Do you have difficulty distinguishing this summer visitor from its resident cousin the Meadow Pipit? Then forget the guide book descriptions of stockier build, bolder breast markings narrowing to fine streaks on the flank, and lighter legs, as these are so hard to see in the field. Instead concentrate on habitat and spring song and behaviour. Once you’ve sussed these out it’s hard to miss a Tree Pipit at 50 metres, although still difficult to photograph one (one day I’ll get closer)!
The obvious habitat is recently felled or planted areas where a few tall trees remain. Look also on heathland or mosses with scattered trees, or woodland glades, especially with scattered birch. There must be plenty of open areas for the dispaly flight and some low ground cover as this is where they will nest.
A bird singing from a tree has a song that is hard to forget once heard a few times – rather Canary-like with a bit of a stutter and ending usually with a couple of strong double notes that carry over a distance.

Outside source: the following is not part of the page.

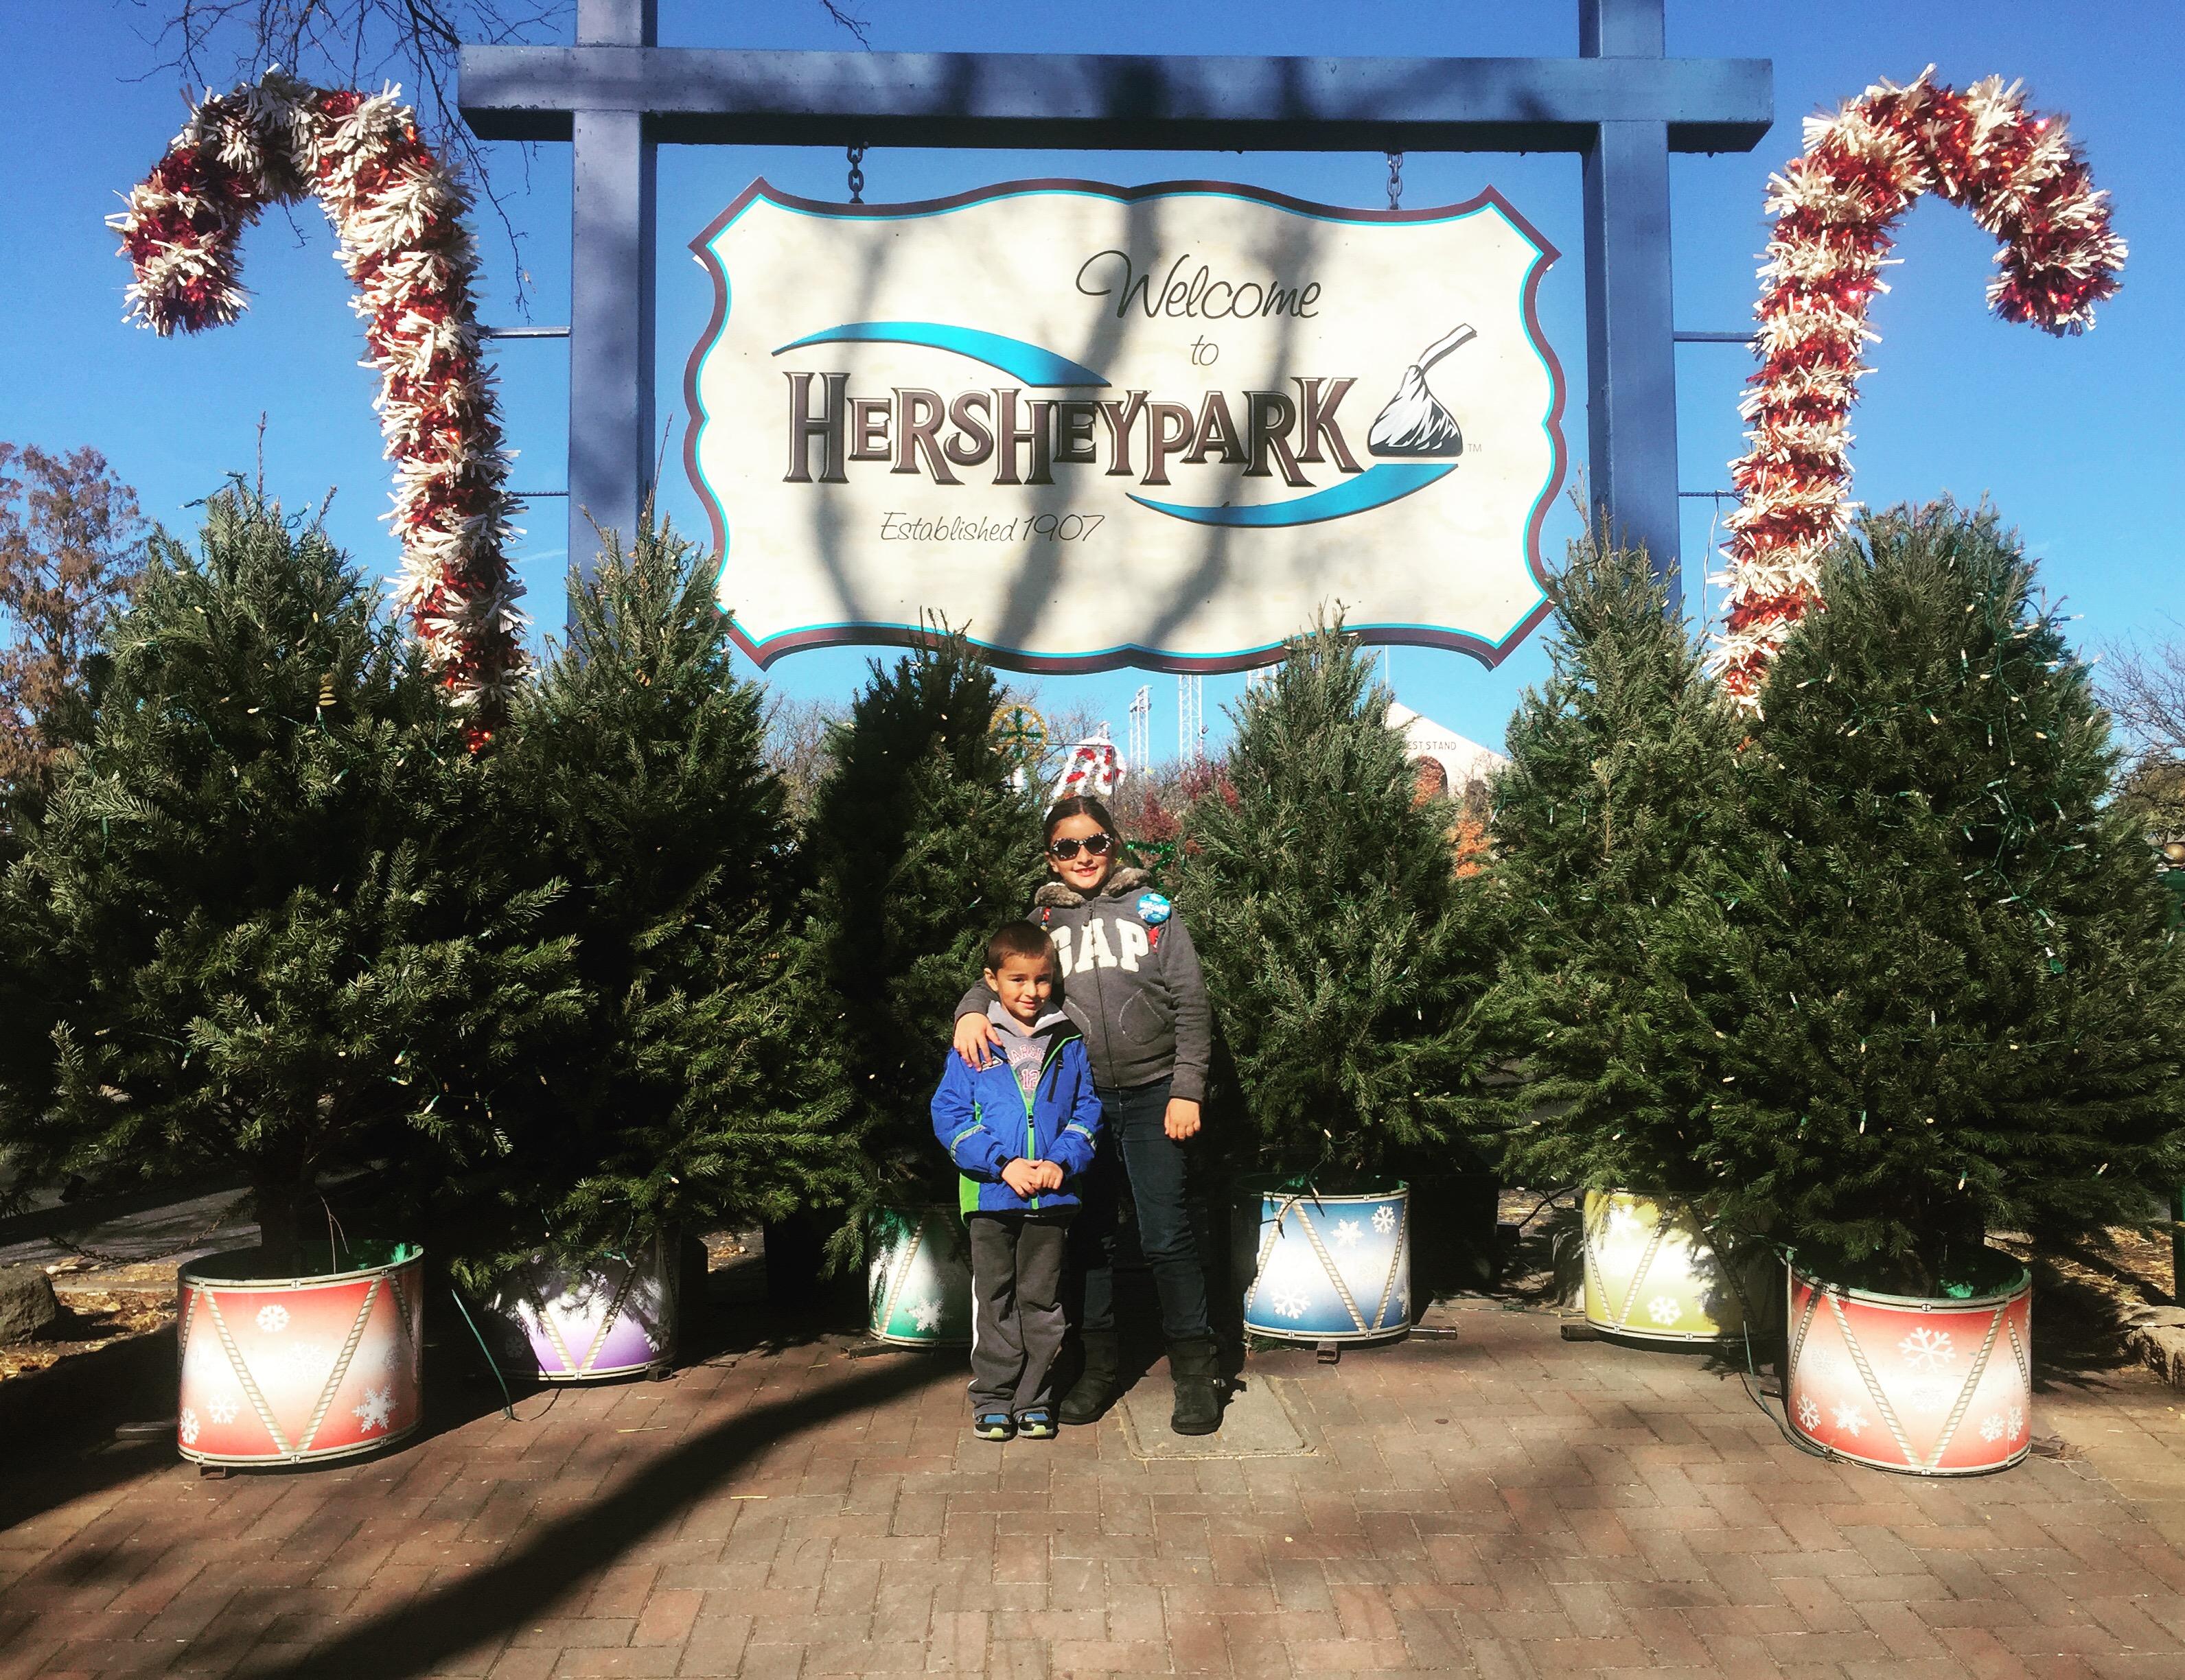 Hershey Park Christmas.Christmas At Hershey Candylane At Hershey Park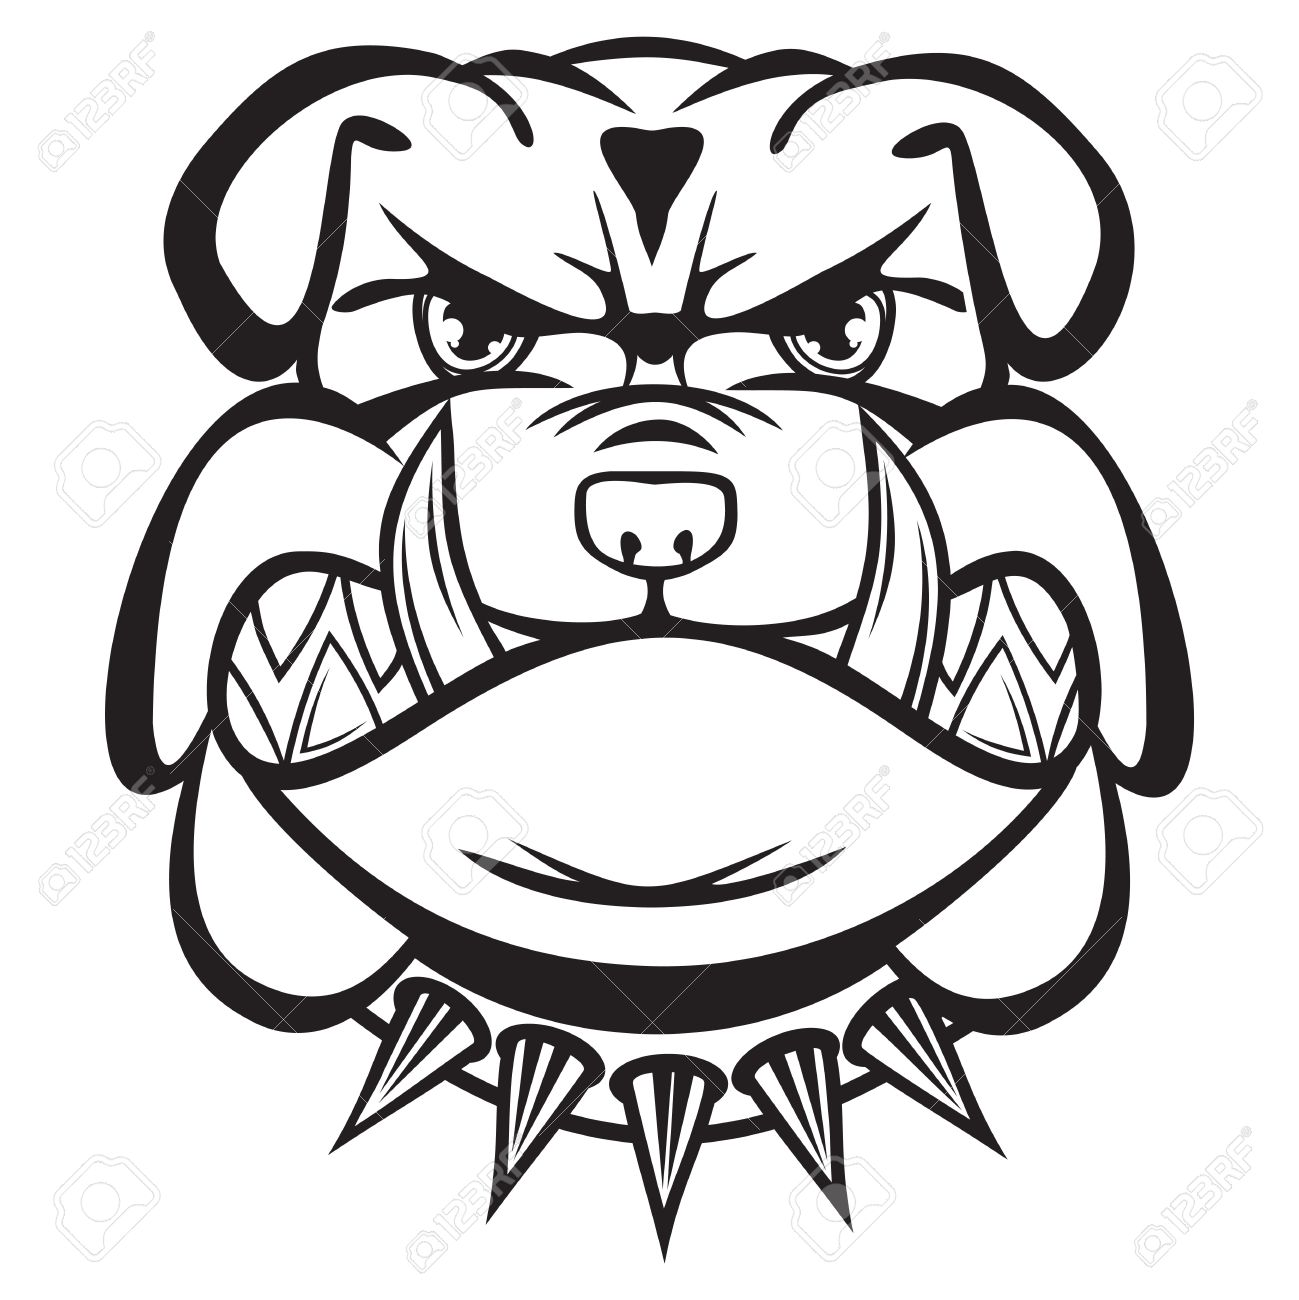 Angry Bulldog Head Black And White Royalty Free Cliparts Vectors

Males sing strongly on arrival in late April, diminish a little during nest building and laying but sing again afterwards, usually away from the nest.
What marks out the Tree Pipit once and for all is its delightful song during its “parachute” flight during May. A singing bird will suddenly rise into the sky then glide down on open wings to an adjacent tree or even the ground. It’s one of my favourite sights of the spring. However, just to make life difficult, Meadow Pipits parachute as well, but their song in flight is much less interesting and distinctive.
After raising young in June and early July, the adults moult before leaving in September for tropical Africa.
Nationally this is a species that has suffered serious declines in numbers, and in 2009 was moved from the “amber” list to the “red list” of species of high conservation concern. In Cumbria numbers seem to have fallen sharply, but it is still a good county in which to find them. It is in fact a species that should benefit from the Forestry Commissions current programme to fell large areas of mature conifer forests and replant with native Oak and Birch. It was widely distributed and common over the central Lake District, but much scarcer on the outskirts of the county. But one site I visit near Bigland, on the Cartmel Peninsular, holds good numbers.
Numbers have diminished so much in recent years that observers are asked to submit all records of this red listed species.